The parsimony of old Simon Walton could not have been better illustrated than by the fact that not a ray of light showed itself in all the rooms of the house. It was said of him that, fond of smoking though he was, he never lighted his pipe without getting a match and tobacco from some one else. At all events, he was at home. And as he went up the uneven brick walk, Wynn saw him seated on the front porch without his coat.

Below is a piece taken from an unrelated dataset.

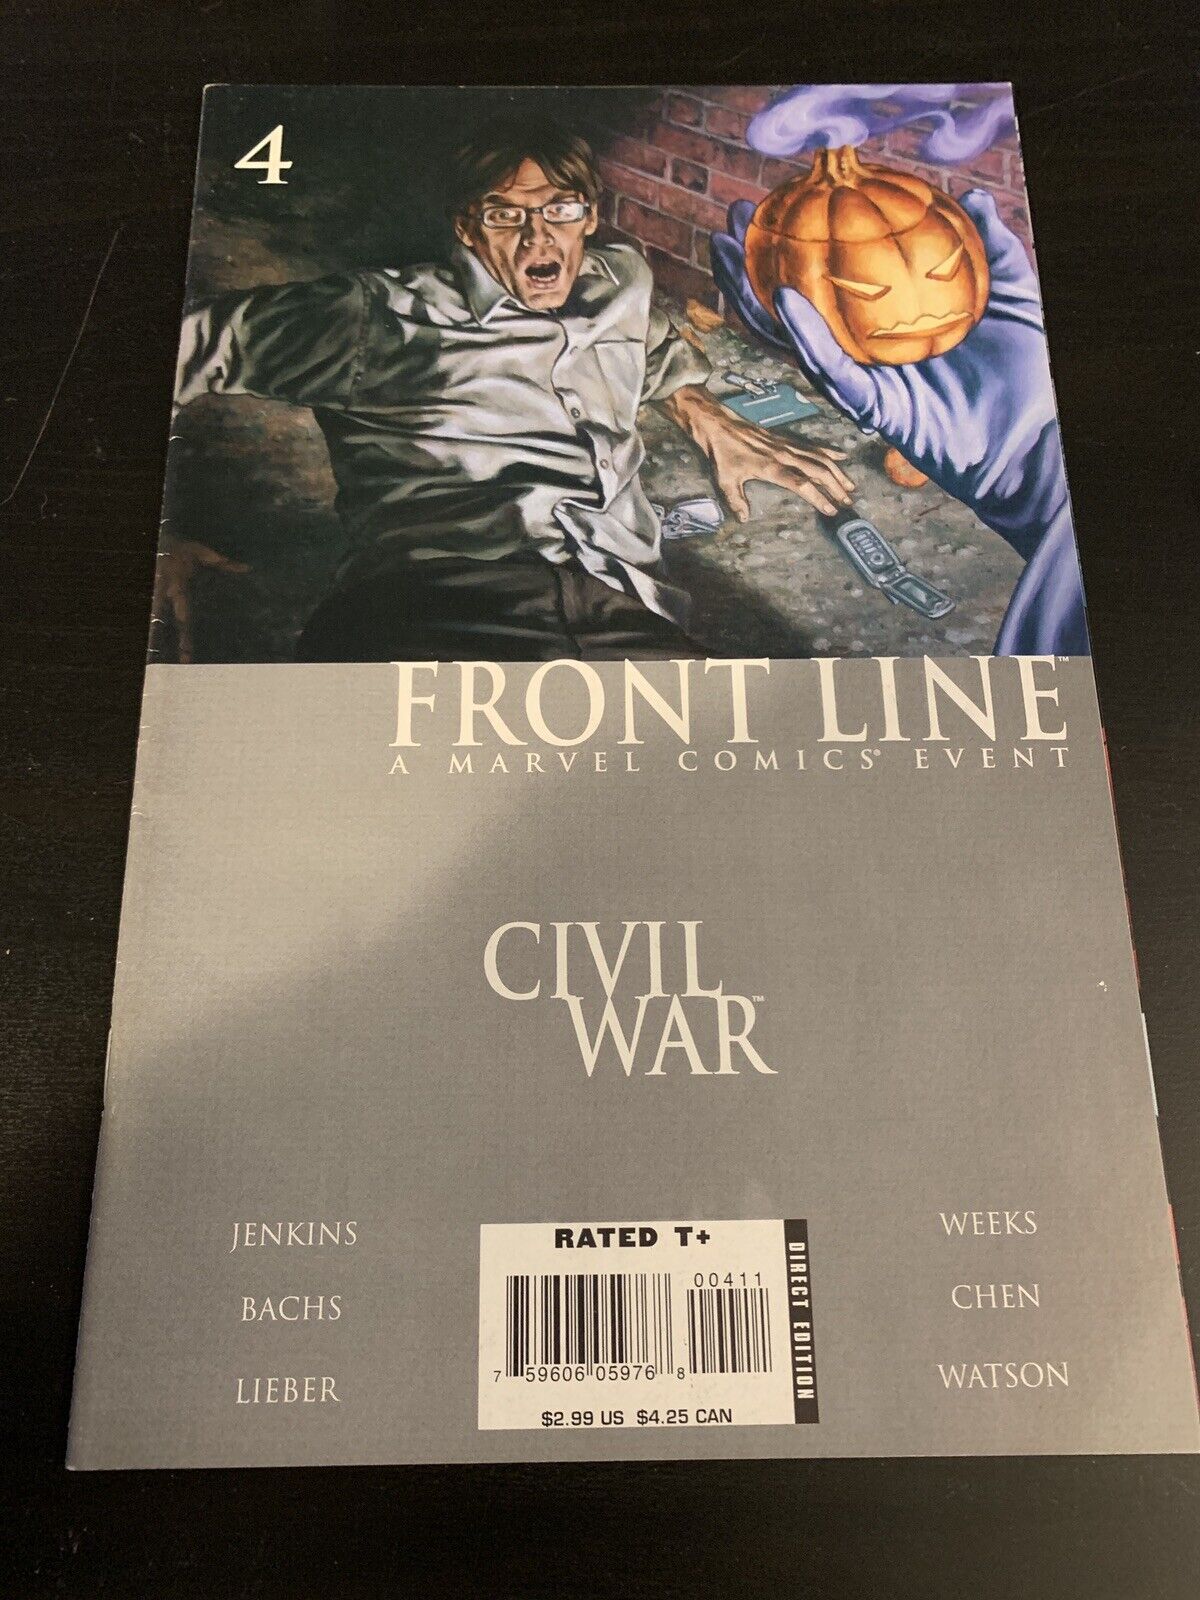 Marvel 2006 - Civil War Front Line #4 - Jenkins - July 26, 2006

He was tall, lank, and raw-boned, and though nearly seventy years of age, his brown hair and short, scraggy whiskers were devoid of the slightest touch of gray. He was a man who, though outwardly sound of body, brain, and limb, was not without certain haunting fears of dissolution. He had had a slight stroke of paralysis which had left a numbness in his right side, and he was constantly trying to obey certain directions Dearing had laid down on the day his clerks had found him unable to rise from his desk in his bank. Dearing's skill had put him on his feet again, and the young doctor had tried diplomatically to show his patient that the cause of the trouble lay in an overworked brain too sharply centred on a none too worthy purpose. But in this he had failed. Old Simon would have believed in any lotion, any surgical operation, or any medicine prescribed by Dearing, no matter how costly, for that was in the young man's line; but he declined to listen to any hint—from such a source, at least—that his mental watchfulness ought to be curbed. He had won by his method, and that was ample proof of its correctness. He had risen from between the plough-handles, he told Wynn with a satirical laugh, and men who had advised him to think less of the almighty dollar and more of his God were in their mountain hovels giving away advice for others to live by. The wise fellows who had said in his youth that he was “as close as the bark on a tree” and “too mean to live” were now ready to beg at his feet for money to enable them to purchase food for their families.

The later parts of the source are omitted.